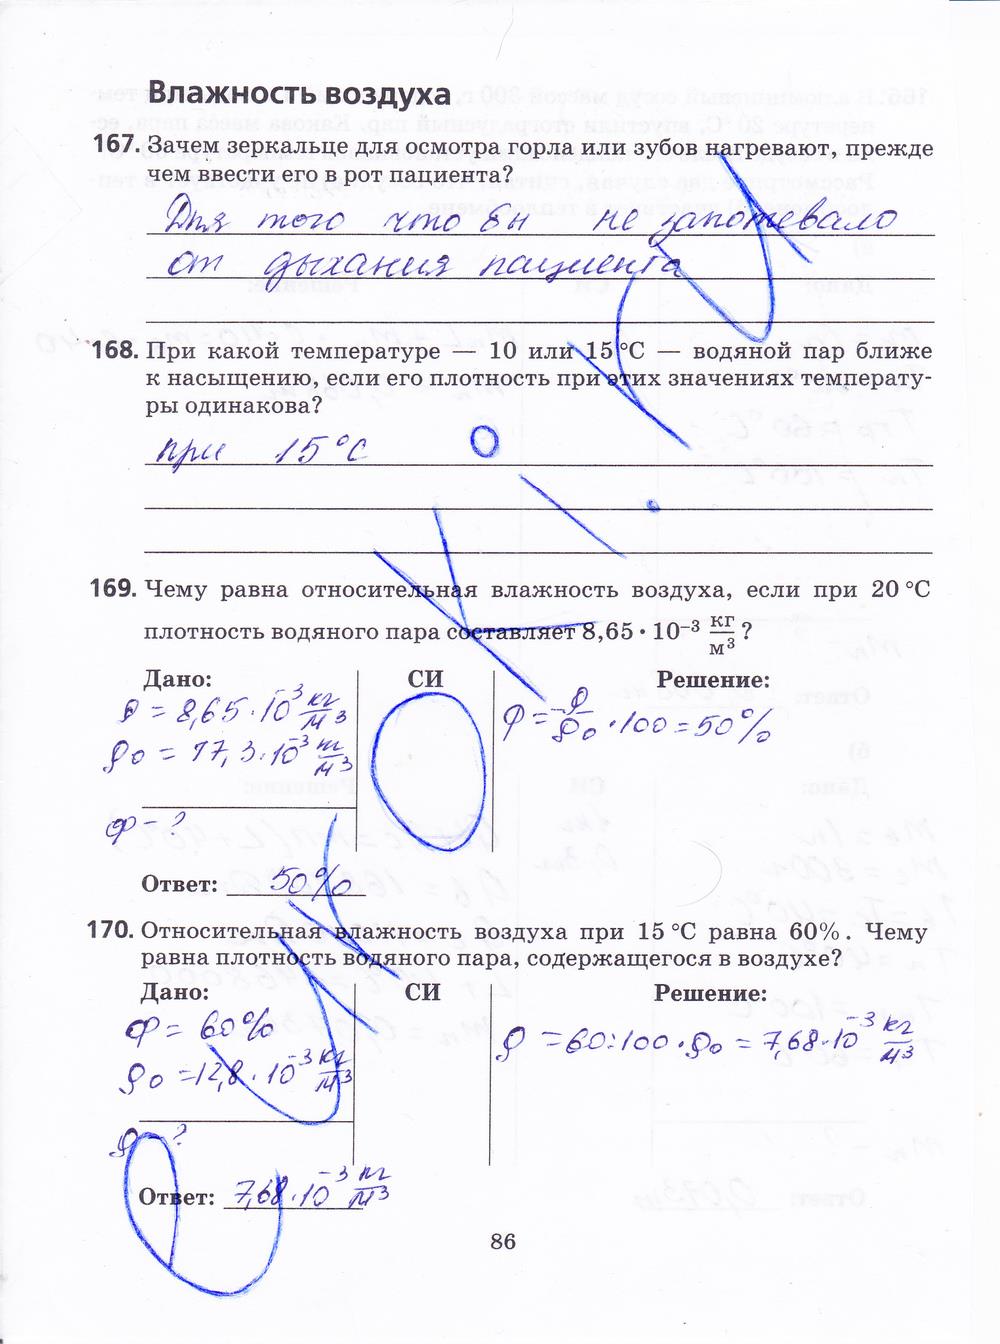 гдз 8 класс рабочая тетрадь страница 86 физика Пурышева, Важеевская
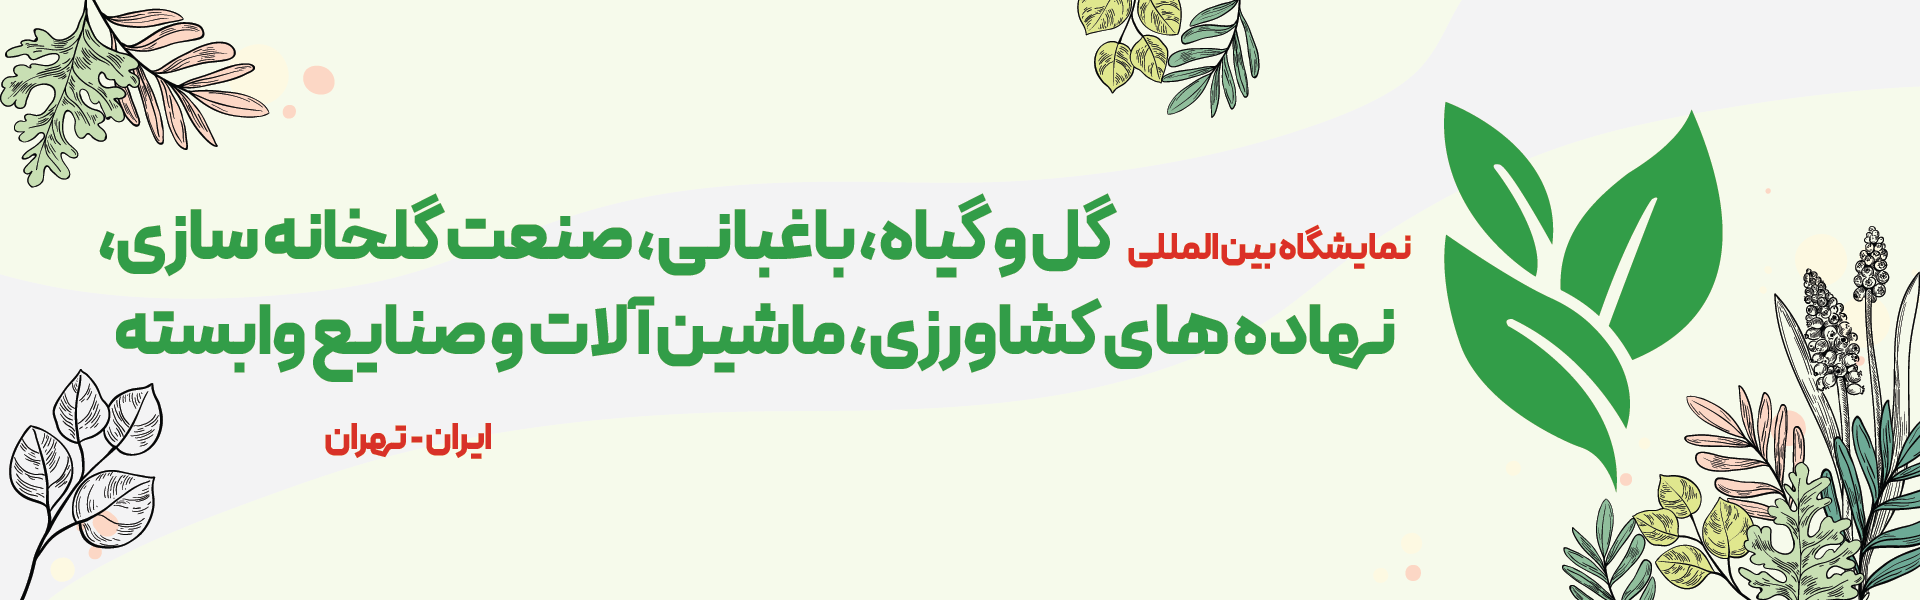 نمایشگاه بین المللی گل و گیاه و صنعت گلخانه تهران ایران
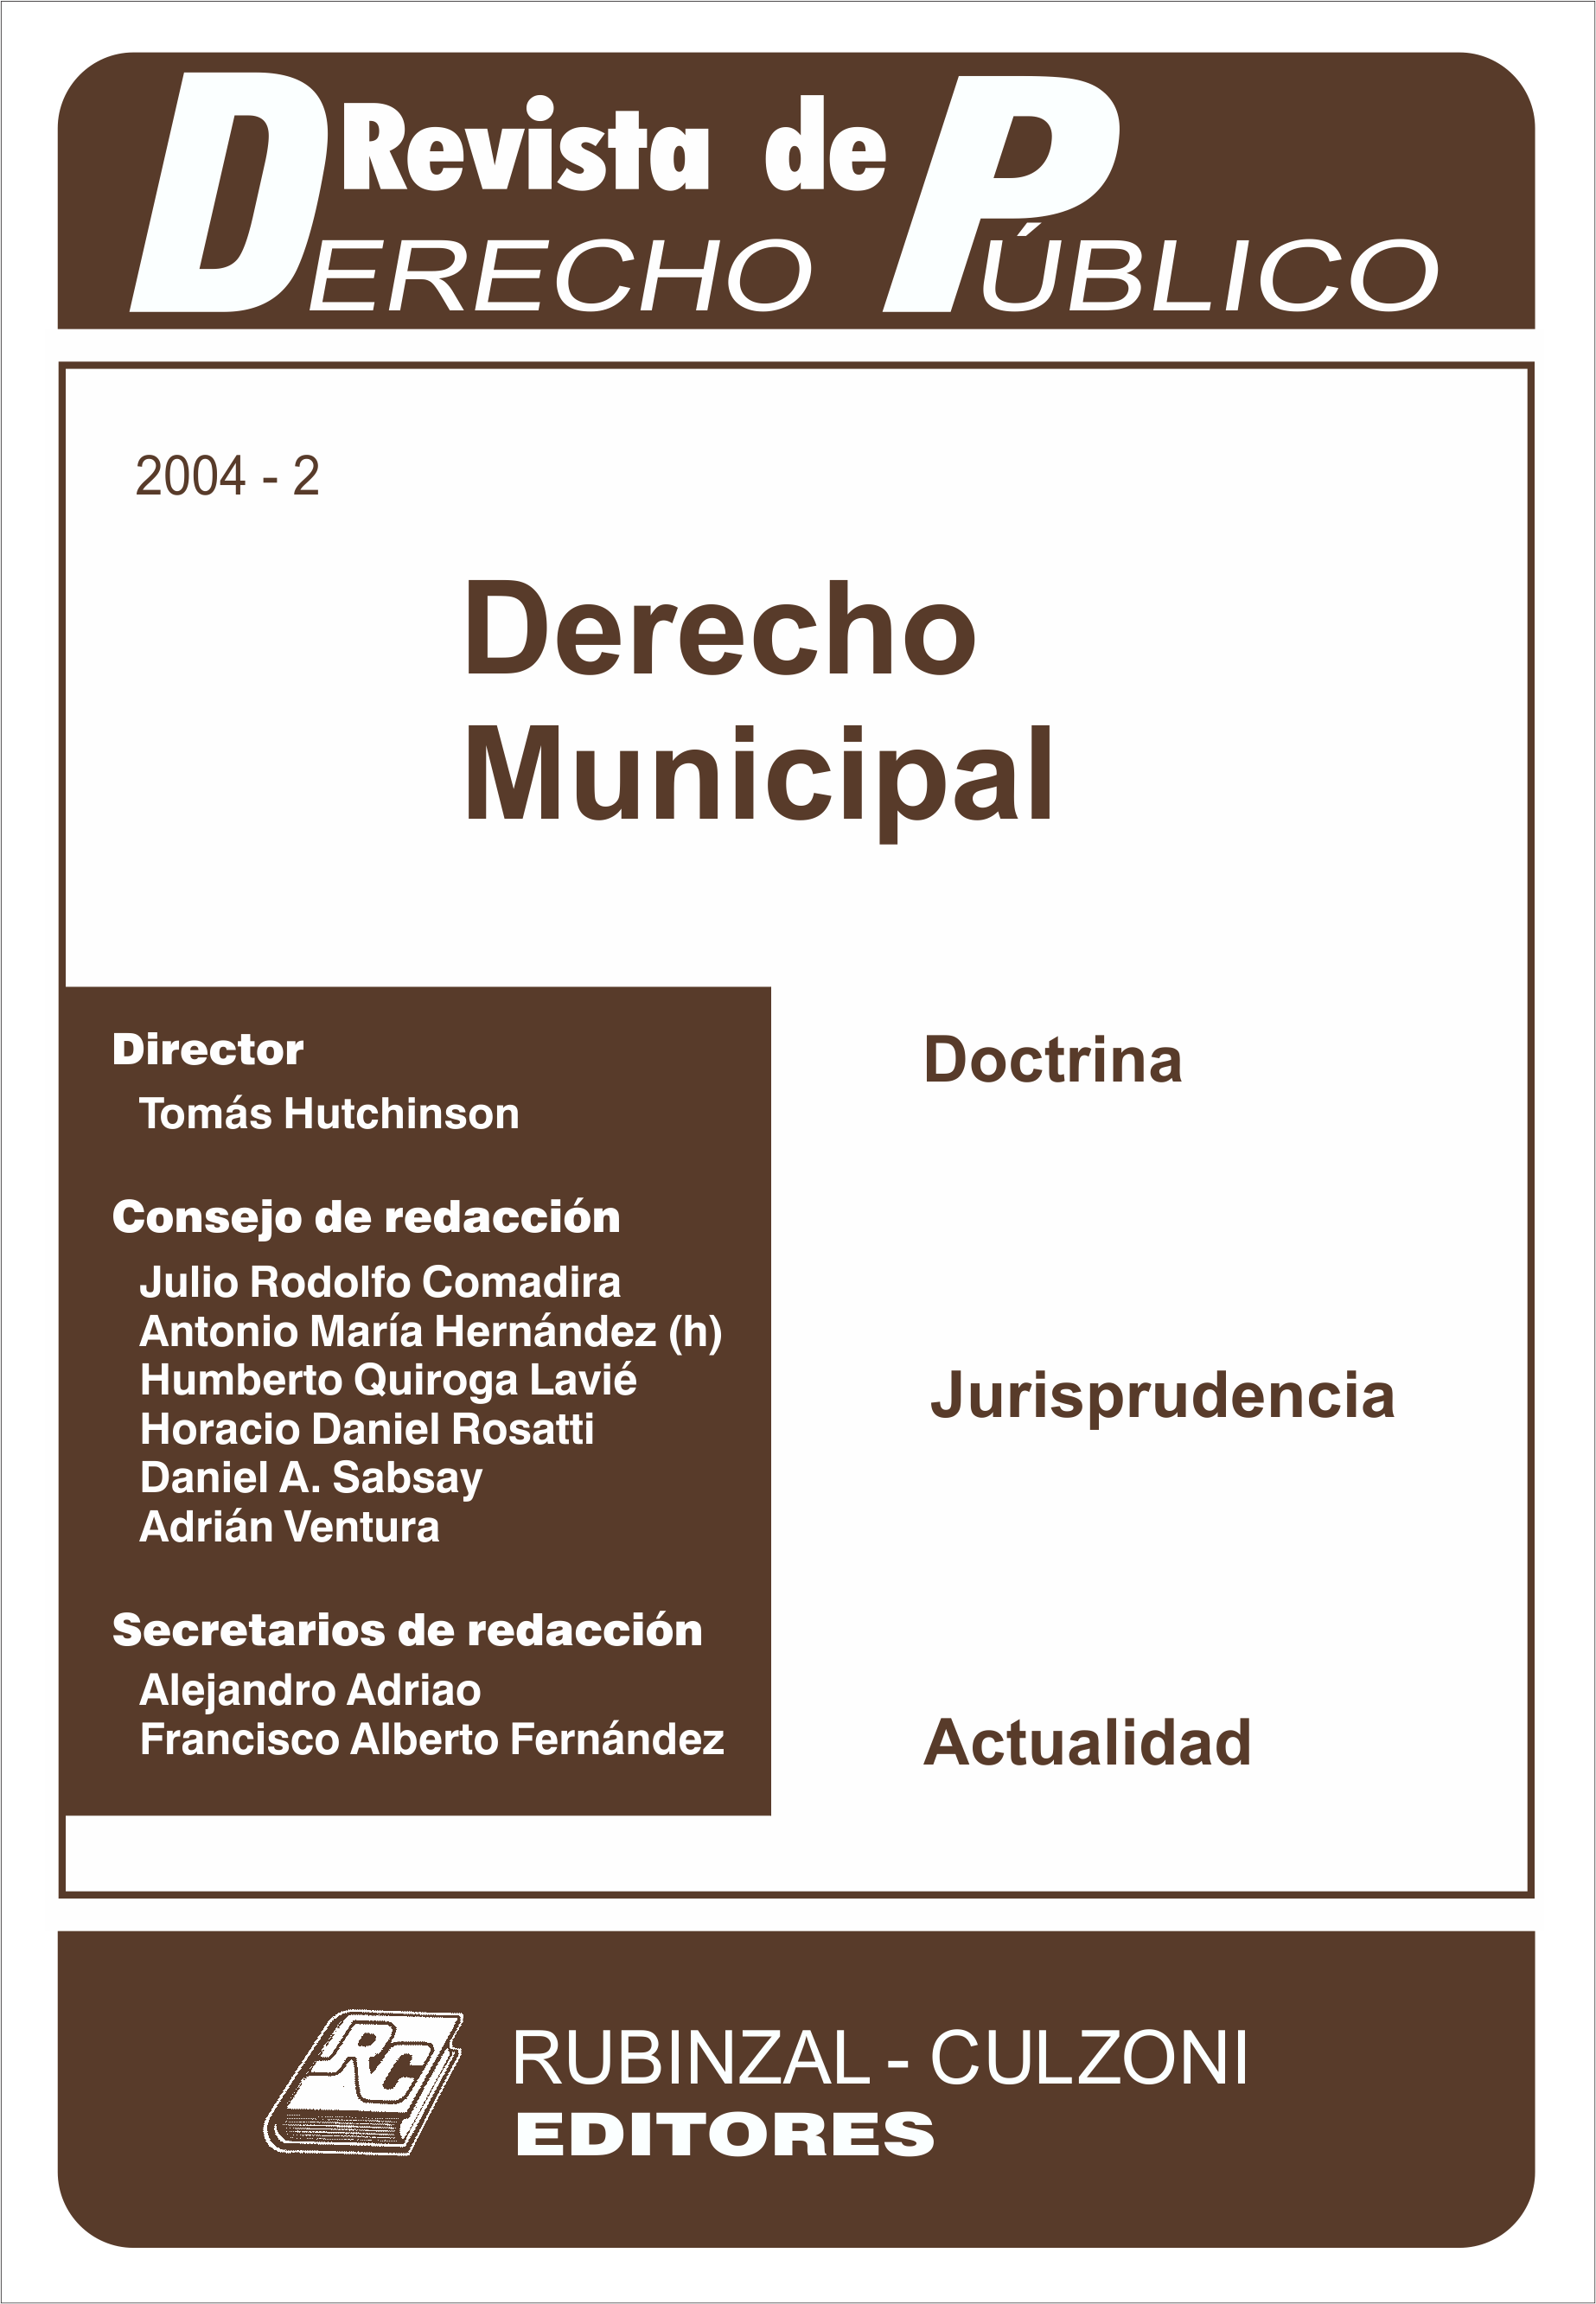 Revista de Derecho Público - Derecho Municipal.
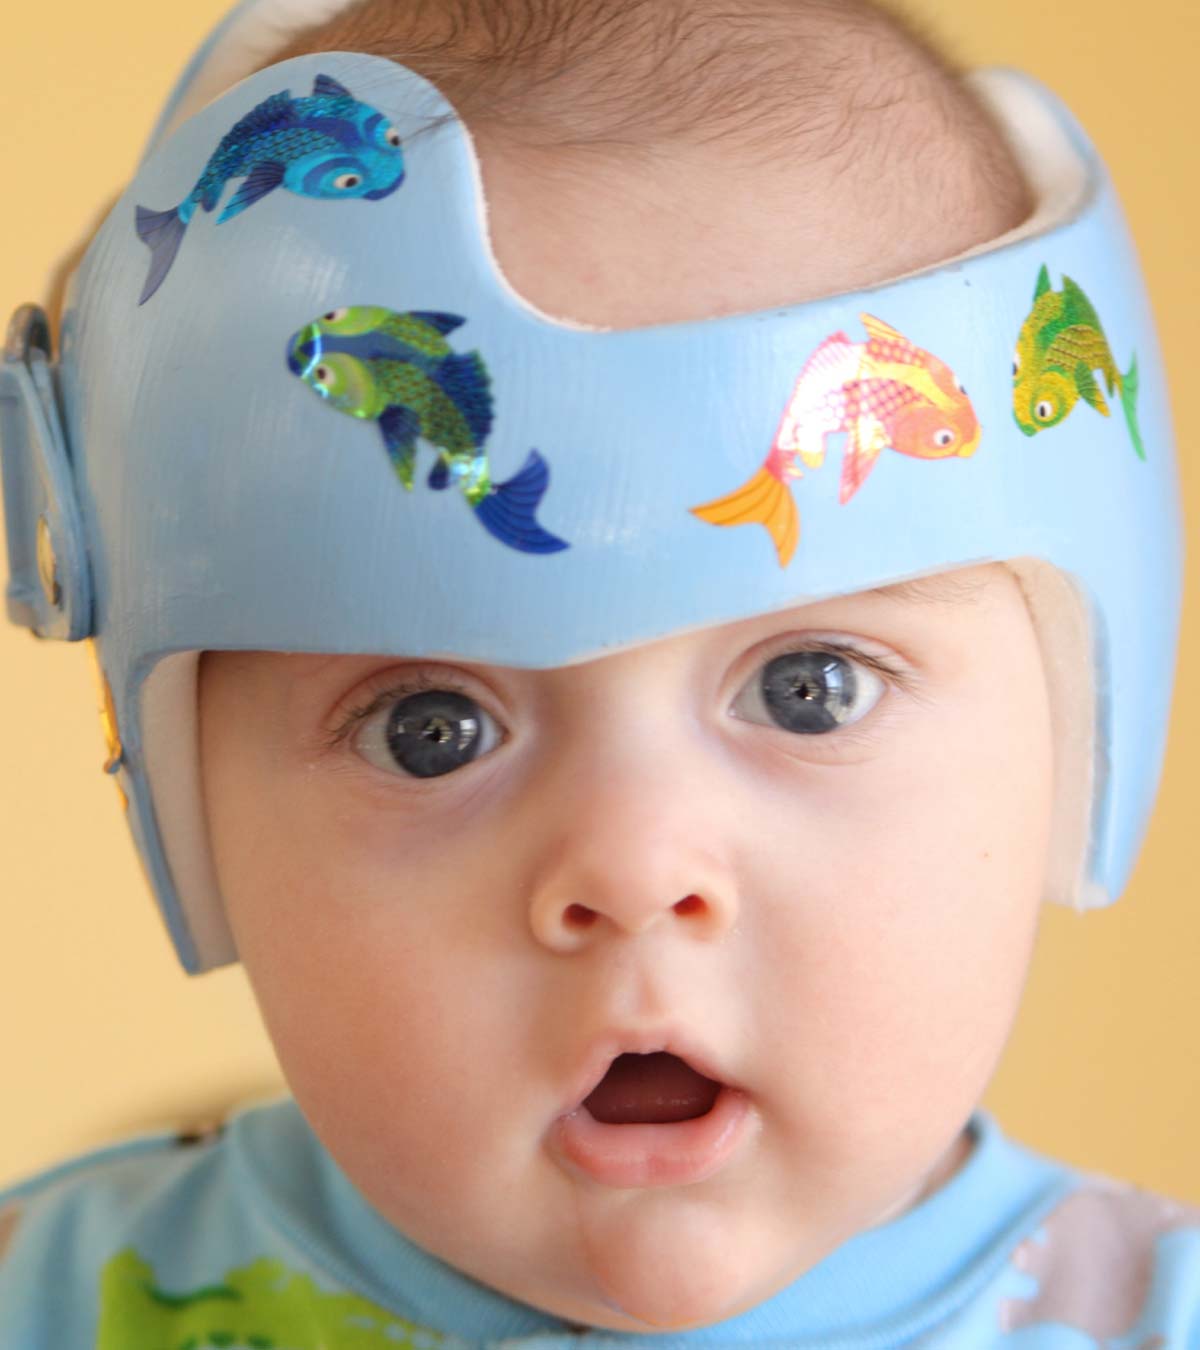 为什么婴儿要戴头盔?应该戴多长时间

Exercise brief => The line containing "نمایشگاه بین المللی" and each line after it through the end of the listing above are to be written out exactly, without the pictures.

Response to this task =>
 نمایشگاه بین المللی گل و گیاه و صنعت گلخانه تهران ایران
 Revista de Derecho Público - Derecho Municipal.
 为什么婴儿要戴头盔?应该戴多长时间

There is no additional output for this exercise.